Both BDB (the original C version) and BDB-JE have very bad history on
recovering.
Why should we lost some data when there are better alternative that don't?

 We will therefore have to keep a fallback. IMHO for the client layer the
 fallback should be downloads.dat.gz. We are careful not to lose that when we
 run out of disk space, and it should only contain what is needed to restart
 requests from the beginning (in practice a lot will come from the store).

 ...

 While we are at it, what's wrong with bdb-je's persistence framework
 again ?
 http://www.oracle.com/database/berkeley-db/je/index.html


Another reason to get rid of BDB-JE is memory usage and performance.

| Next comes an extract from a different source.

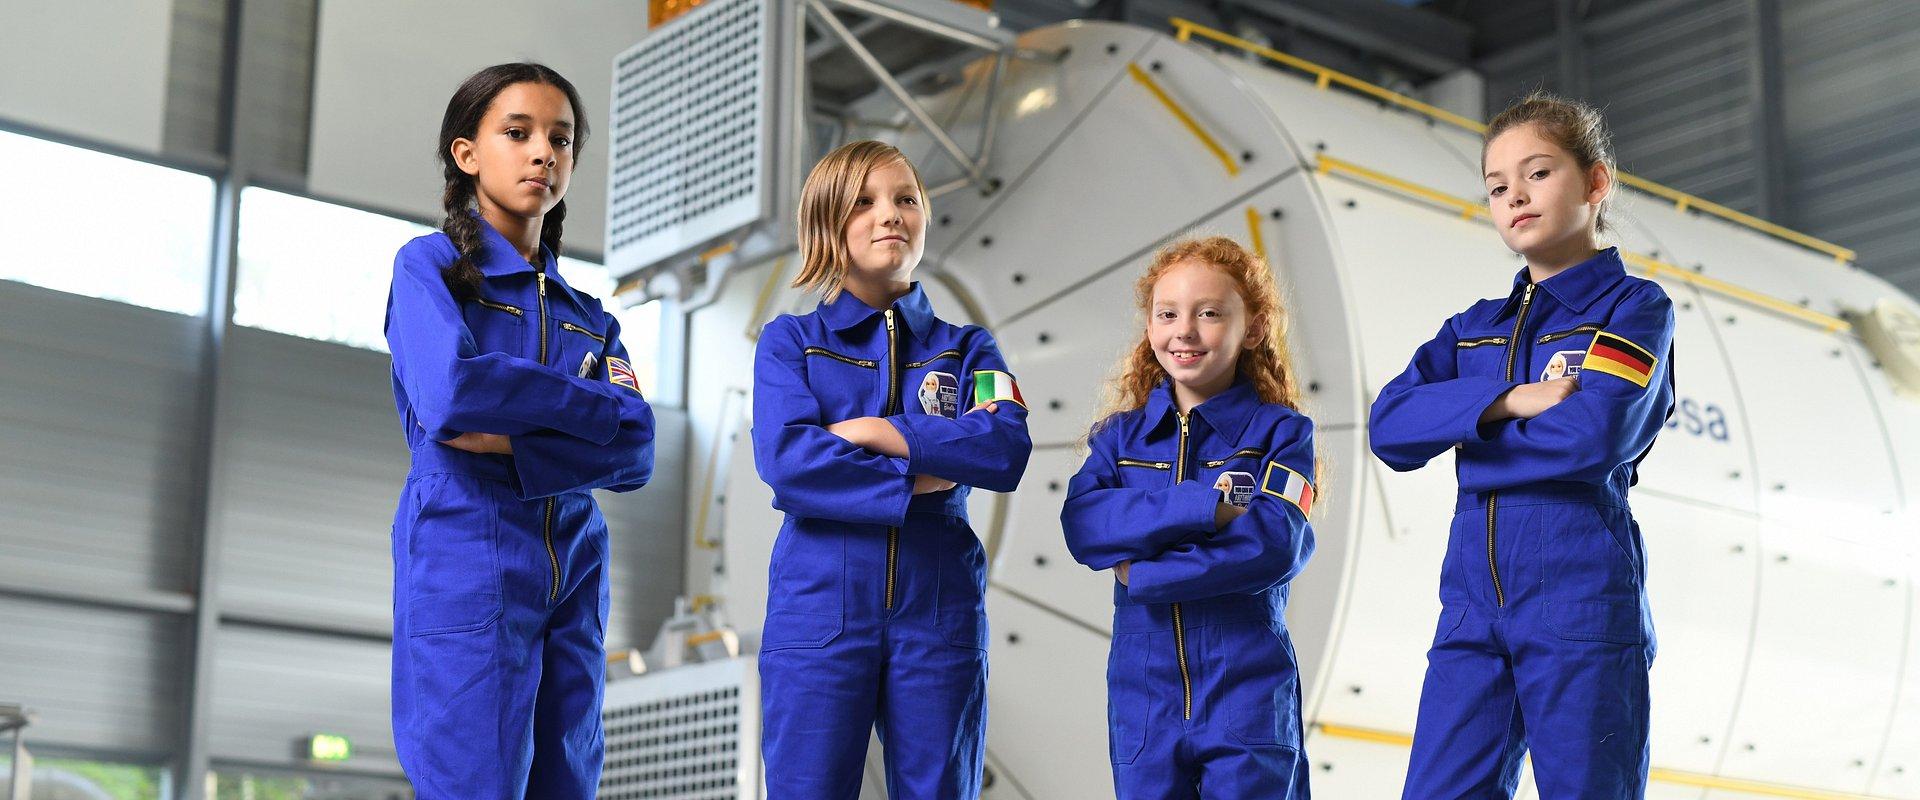 Barbie i Europejska Agencja Kosmiczna ogłaszają współpracę i zachęcają dziewczynki, by zostały astronautkami, inżynierami i badaczami kosmosu
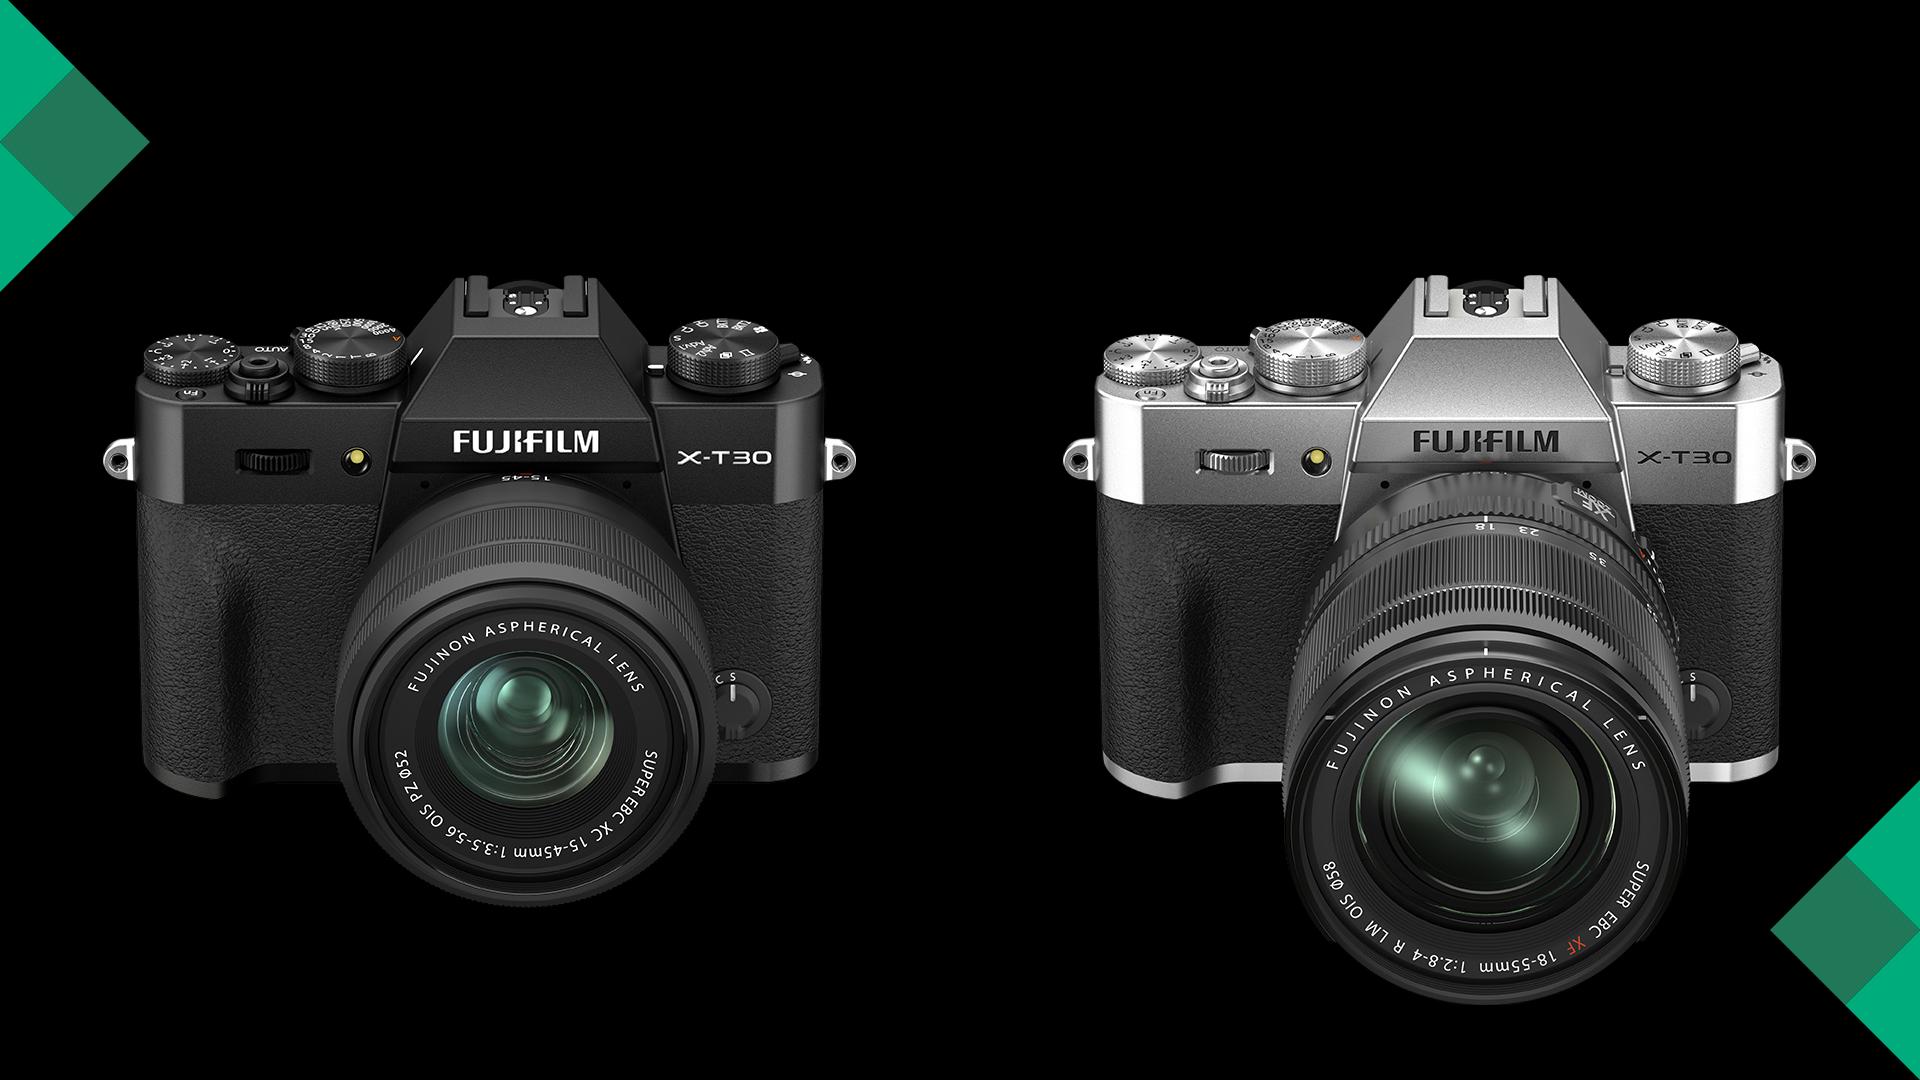 FUJIFILM X-T30 II in Black or Silver

db4o is usable on J2ME and scalable to terabytes database. I think
this say a lot.

 I apologise if the above was presented as a fait accompli, any input on
 databases would be appreciated. On Friday, me and Ian spent a long time
 debating the issue, first and foremost of whether we should even have a
 database; I was initially in favour of not having one at all, or using jdbm's
 persistent hashtable class (HTree).

 Personally I think if we have a database it should be a native object 
 database
 i.e. either Perst or db4o. It also should be robust, low overhead, mature,
 open source etc. I will start implementing the new client layer with db4o
 soon, unless convinced to use something else in the meantime. But it seems
 that with BDBJE (which isn't a native object database), you can lose the
 database even by an unclean shutdown... can anyone confirm this from
 experience? Or is it only out of disk space and memory corruption that causes
 this?

 I'm still not convinced that we need a database... as our requirements
 are completely different from their typical use-cases... but well, your
 immediate concern is to store persistent requests to disk, right? What
 about using Hibernate or javax.persistence (from EE) to do that ?

eee
Hibernate is just ORM -- You need a sql backend for that.
(I am not oppose to the idea of using a sql backend, but then we have
to decide which one to use)

javax.persistence have Java5 dependency, and you need a J2EE
container. just too ugly.

--
___
Devl mailing list

Re: [freenet-dev] New database for Freenet: db4o

2008-05-18 Thread bbackde
I know I repeat myself, but if you consider db4o you should also
consider perst as an option.
Toad, can you do your 'disk full test' with perst to compare it against db4o?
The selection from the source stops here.